Security bounds for decoy-state QKD with arbitrary photon-number statistics

TL;DR

This paper extends the security analysis of decoy-state quantum key distribution to sources with arbitrary photon-number statistics, including finite-size effects, and compares different statistical models.

Contribution

It provides new security bounds for decoy-state QKD with arbitrary photon statistics, covering both asymptotic and finite-size regimes, and evaluates multiple statistical distributions.

Findings

Poisson, thermal, and binomial distributions are all viable for QKD.

Security bounds are applicable beyond the Poisson assumption.

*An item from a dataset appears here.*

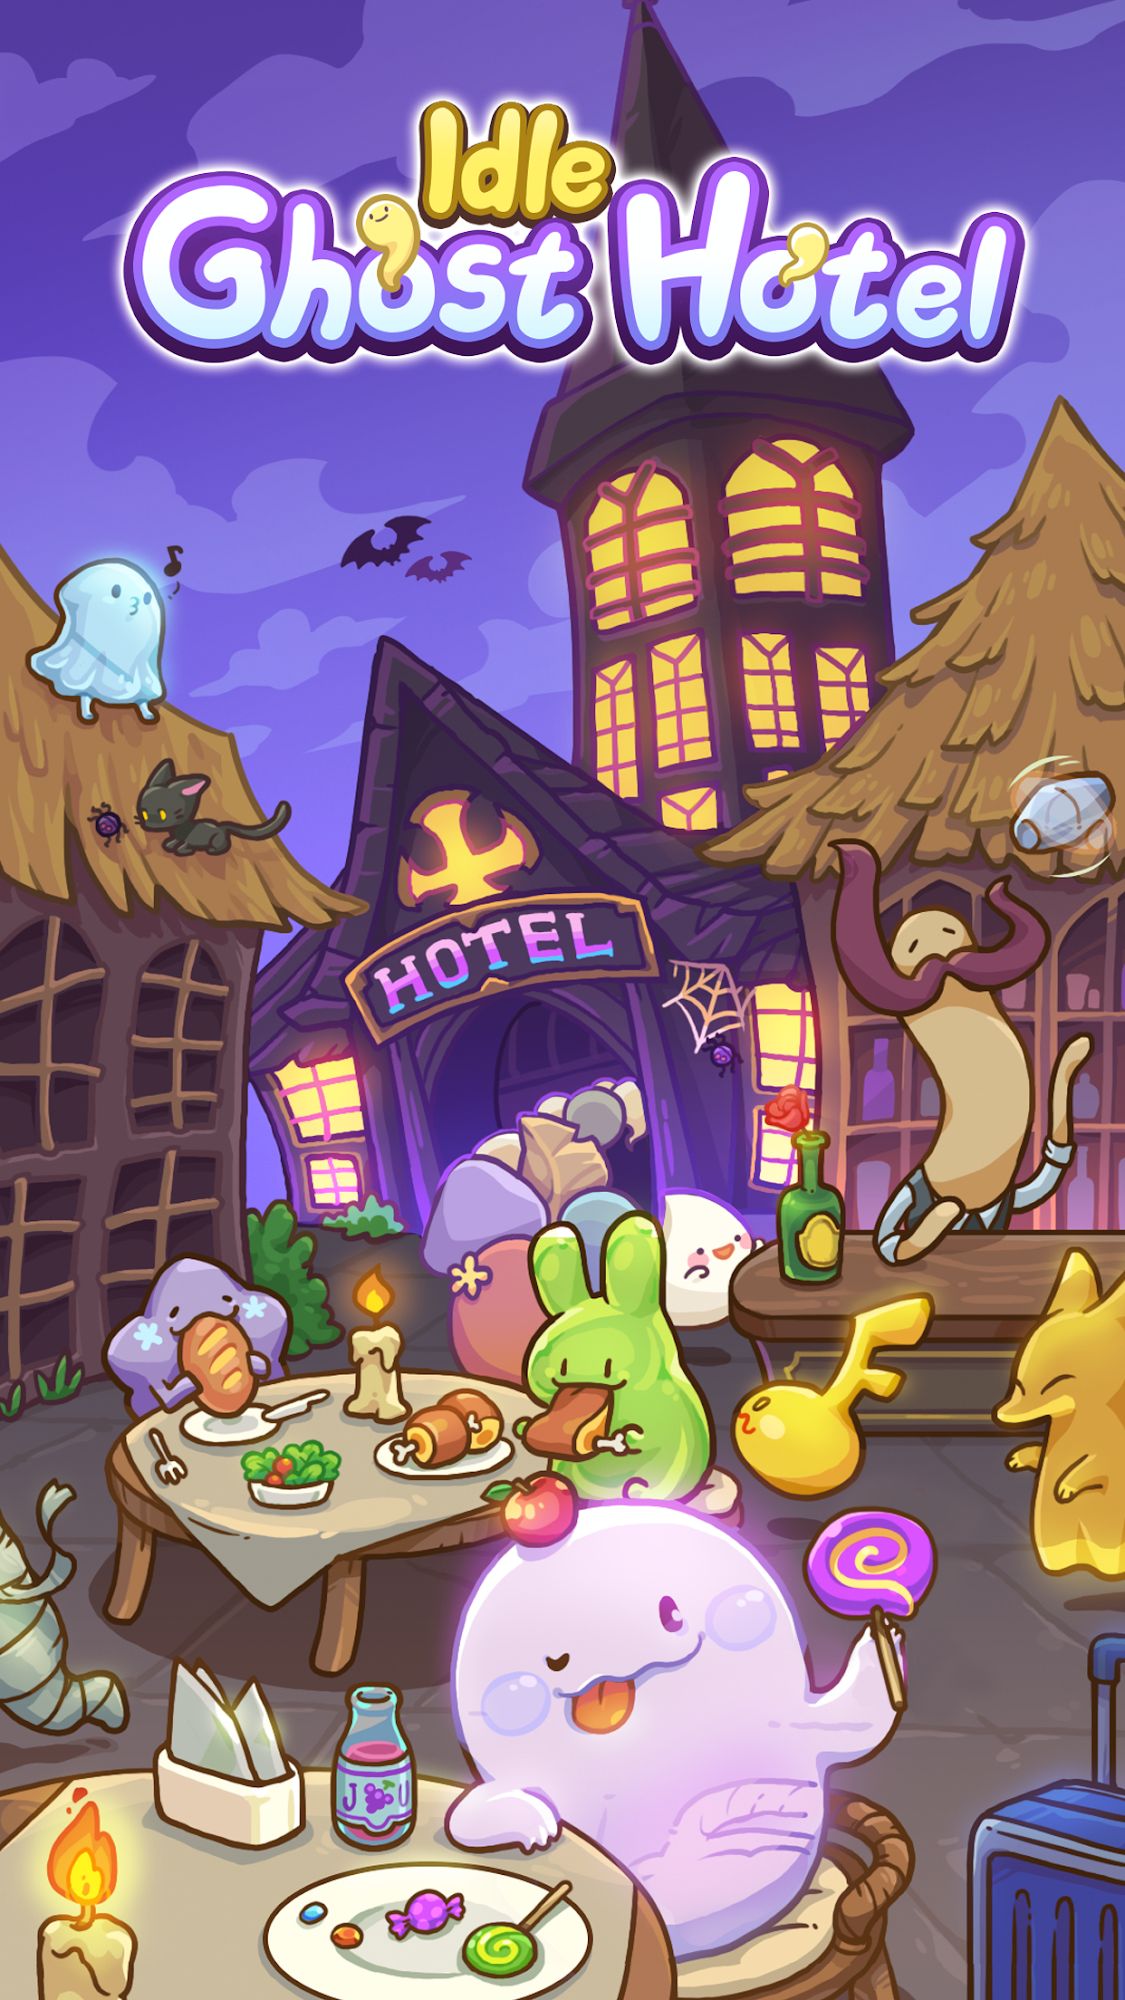 Scarica Idle Ghost Hotel gratis per Android.

Finite-size effects are considered in the analysis.

Abstract

The decoy-state method is a standard enhancement to quantum key distribution (QKD) protocols that has enabled countless QKD experiments with inexpensive light sources. However, new technological advancements might require further theoretical study of this technique. In particular, the decoy-state method is typically described under the assumption of a Poisson statistical distribution for the number of photons in each QKD pulse. This is a practical choice, because prepare-and-measure QKD is often implemented with attenuated lasers, which produce exactly this distribution. However, sources that do not meet this assumption are not guaranteed to be compatible with decoy states. In this work, we provide security bounds for decoy-state QKD using a source with an arbitrary photon emission statistic. We consider both the asymptotic limit of infinite key and the finite-size scenario, and evaluate two common decoy-state schemes: the vacuum+weak and one-decoy protocols. We numerically evaluate the performance of the bounds, comparing three realistic statistical distributions (Poisson, thermal, binomial), showing that they are all viable options for QKD.